From: Alexander Holler
Date: Sat May 31 2014 - 02:46:35 EST


Am 31.05.2014 07:28, schrieb Marcel Holtmann:
> Hi Alexander,
>
>> I assume the timeout for processing HCI commands was originally intended to
>> detect hung bluetooth devices and should not include the time needed locally
>> to handle the response to an HCI command. That is important because the time
>> needed locally (by the kernel or even userland) to process responses to HCI
>> commands varies a lot between systems and HCI commands. That's even more true
>> since many actions to HCI command responses are handled inside works which
>> might be delayed quiet some time, depending on the actual system load.
>>
>> So stop the timeout as soon as a response to an HCI command was received.
>>
>> This fixes various problems which resulted in HCI command timeouts and an
>> afterwards non-working bluetooth stack, especially on slower systems like
>> some ARM devices.
>>
>> Drawback is that in-kernel problems like deadlocks aren't detected by HCI
>> command timeouts anymore, but such problems should be detected and handled
>> by other means and not by a timeout where it is hard to specify a value
>> reasonable for all possible systems (-configurations, -loads).
>>
>> Furthermore, if the timeout includes local processing of HCI command
>> responses, in-kernel errors like hung tasks might be masked by the
>> timeout, because the hung task would be killed by the timeout before
>> the hung task would be detected (by other means).
>>
>> Signed-off-by: Alexander Holler <holler@xxxxxxxxxxxxx>
>> ---
>> net/bluetooth/hci_event.c | 12 ++++++------
>> 1 file changed, 6 insertions(+), 6 deletions(-)
>>
>> diff --git a/net/bluetooth/hci_event.c b/net/bluetooth/hci_event.c
>> index 15010a2..94c2dc0 100644
>> --- a/net/bluetooth/hci_event.c
>> +++ b/net/bluetooth/hci_event.c
>> @@ -2338,6 +2338,9 @@ static void hci_cmd_complete_evt(struct hci_dev *hdev, struct sk_buff *skb)
>>
>> opcode = __le16_to_cpu(ev->opcode);
>>
>> + if (opcode != HCI_OP_NOP)
>> + del_timer(&hdev->cmd_timer);
>> +
>
> so I actually wonder if we should move away from timer and move to a delayed work item to handle the timeout and if that would actually fix this issue.

The problem is that I have absolutely no clue where these timeouts do
come from.

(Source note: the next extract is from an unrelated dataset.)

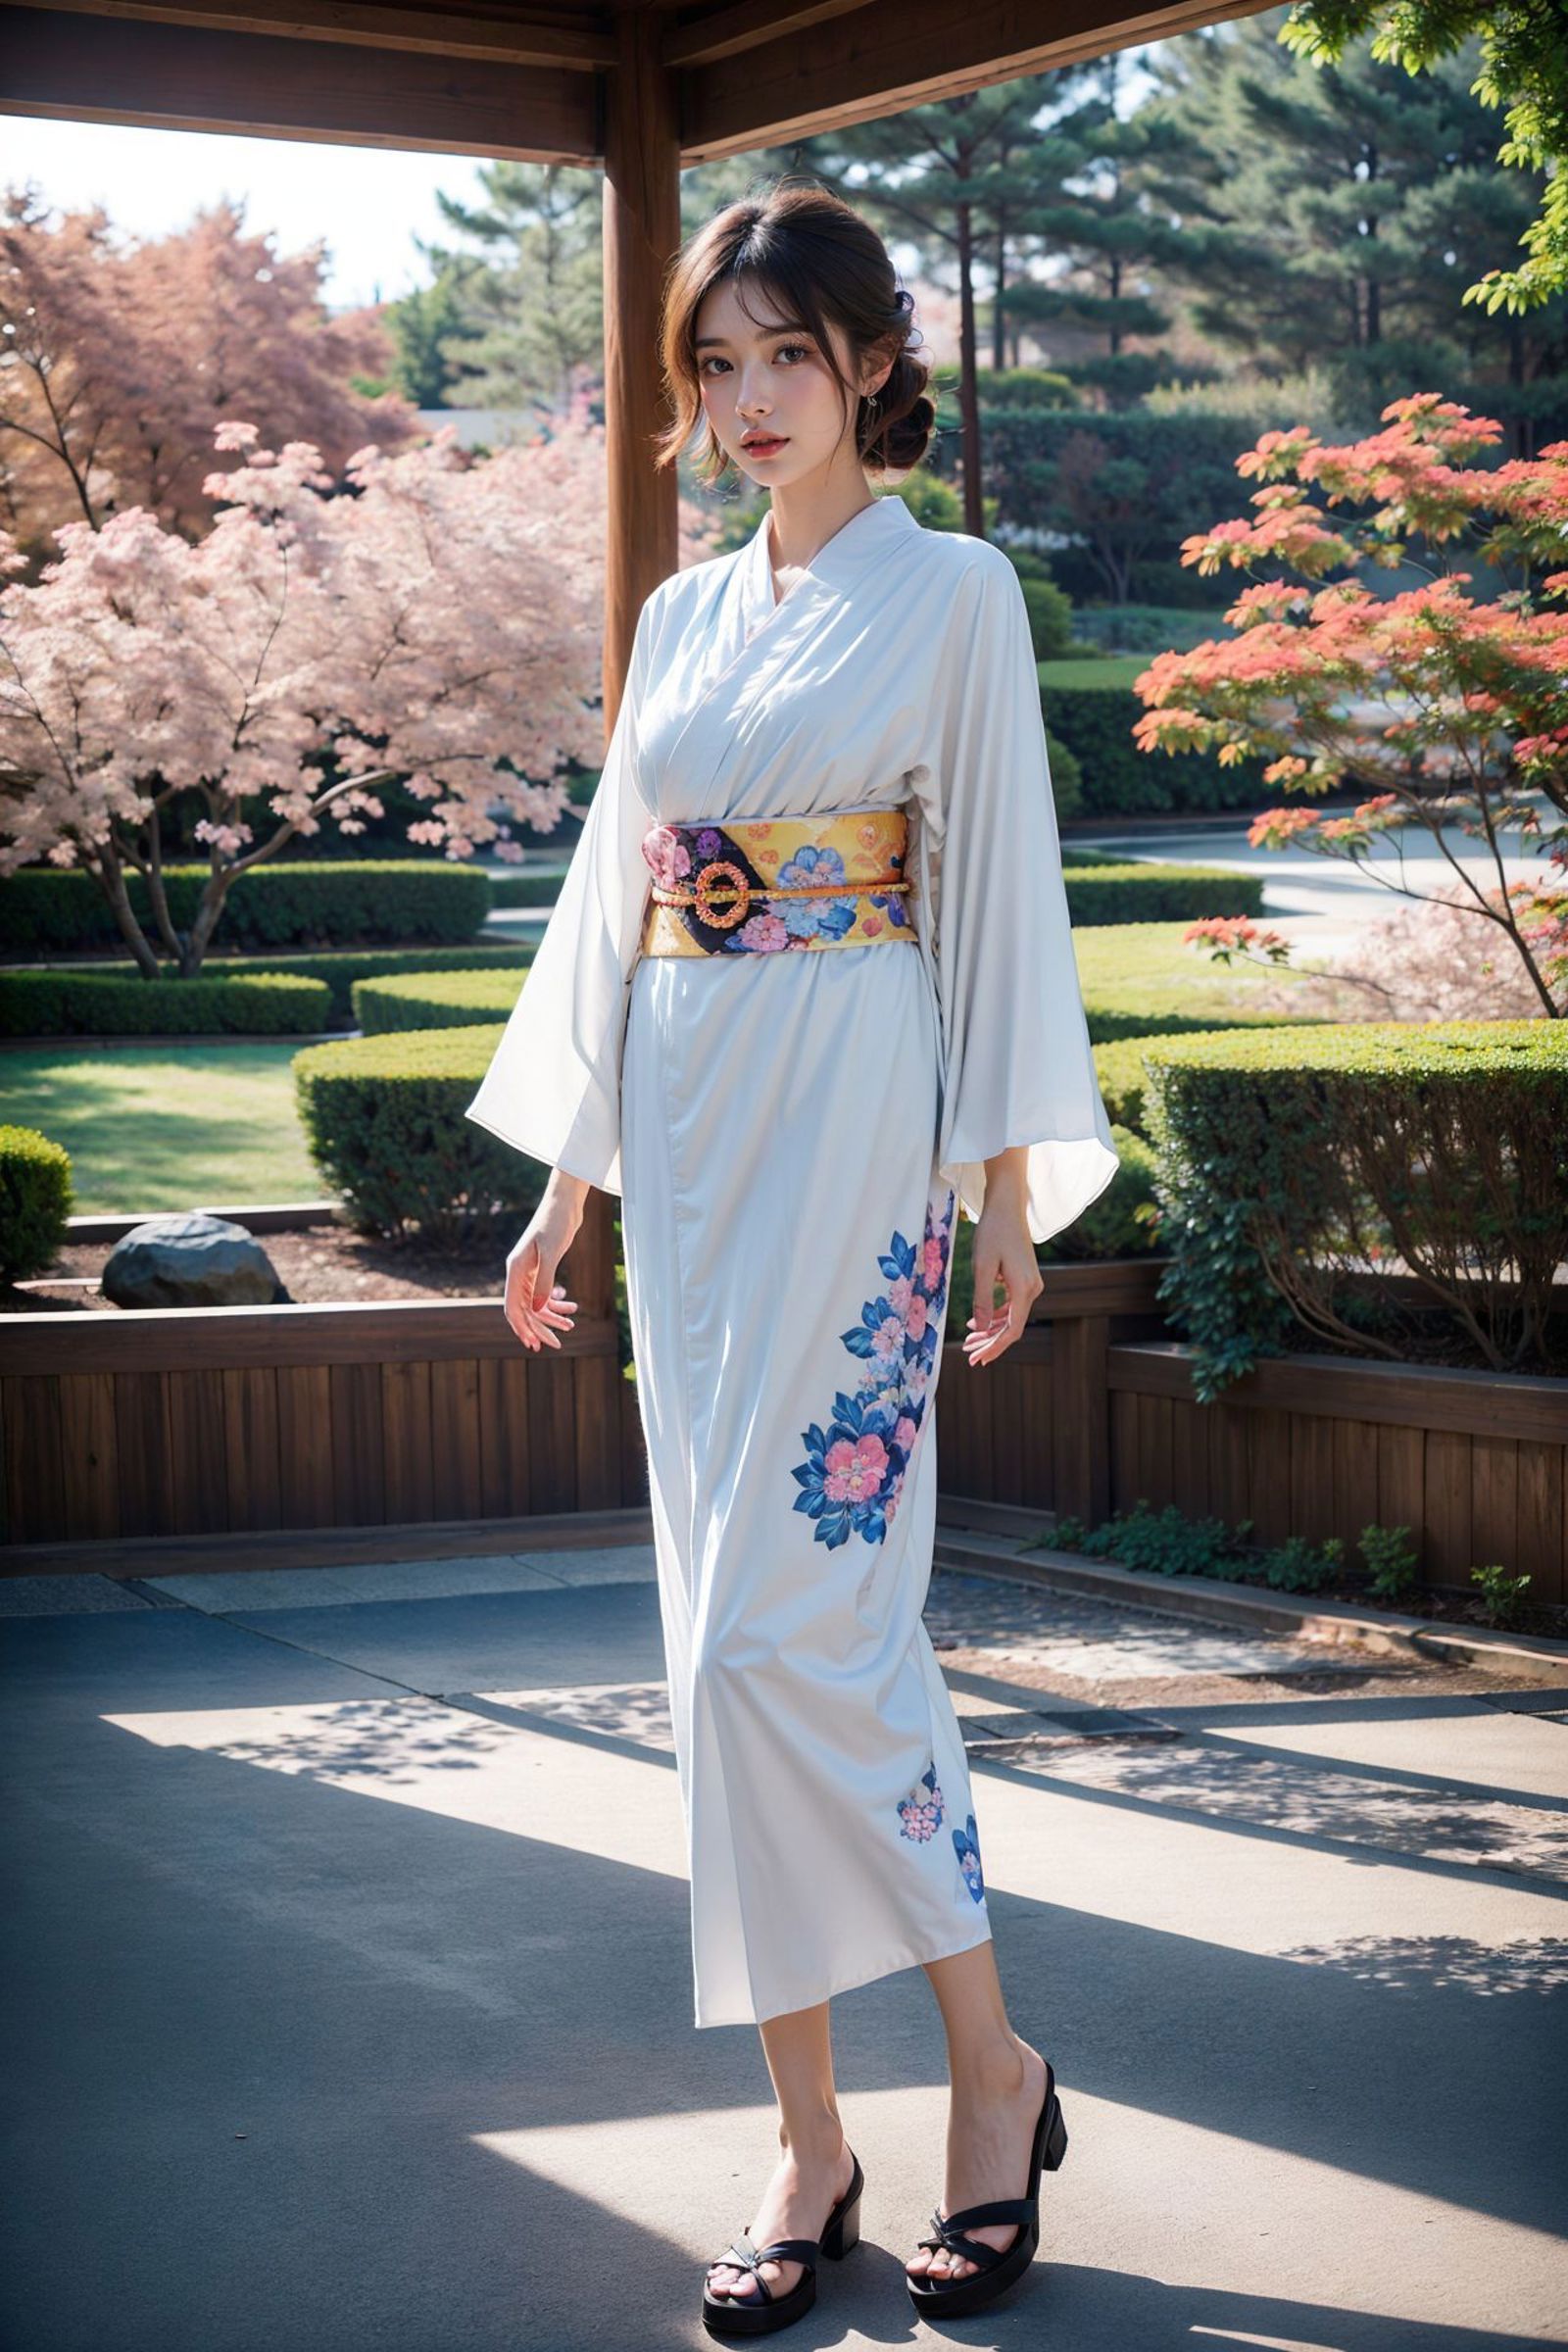 [Realistic&Anime] Kimono || 和服 image by Elysia_Saikou

They appear for different commands and almost always only at
boot. If the machine did come up without hci command timeouts, there
never was one afterwards. So I digged in the dark and the above patch
was one of the results. But I still had to increase the command timeout.
And I can't do much testing as I use this box. I just experience this
problem almost always when I boot it (to do kernel updates) and since a
very long time (more than a year I think).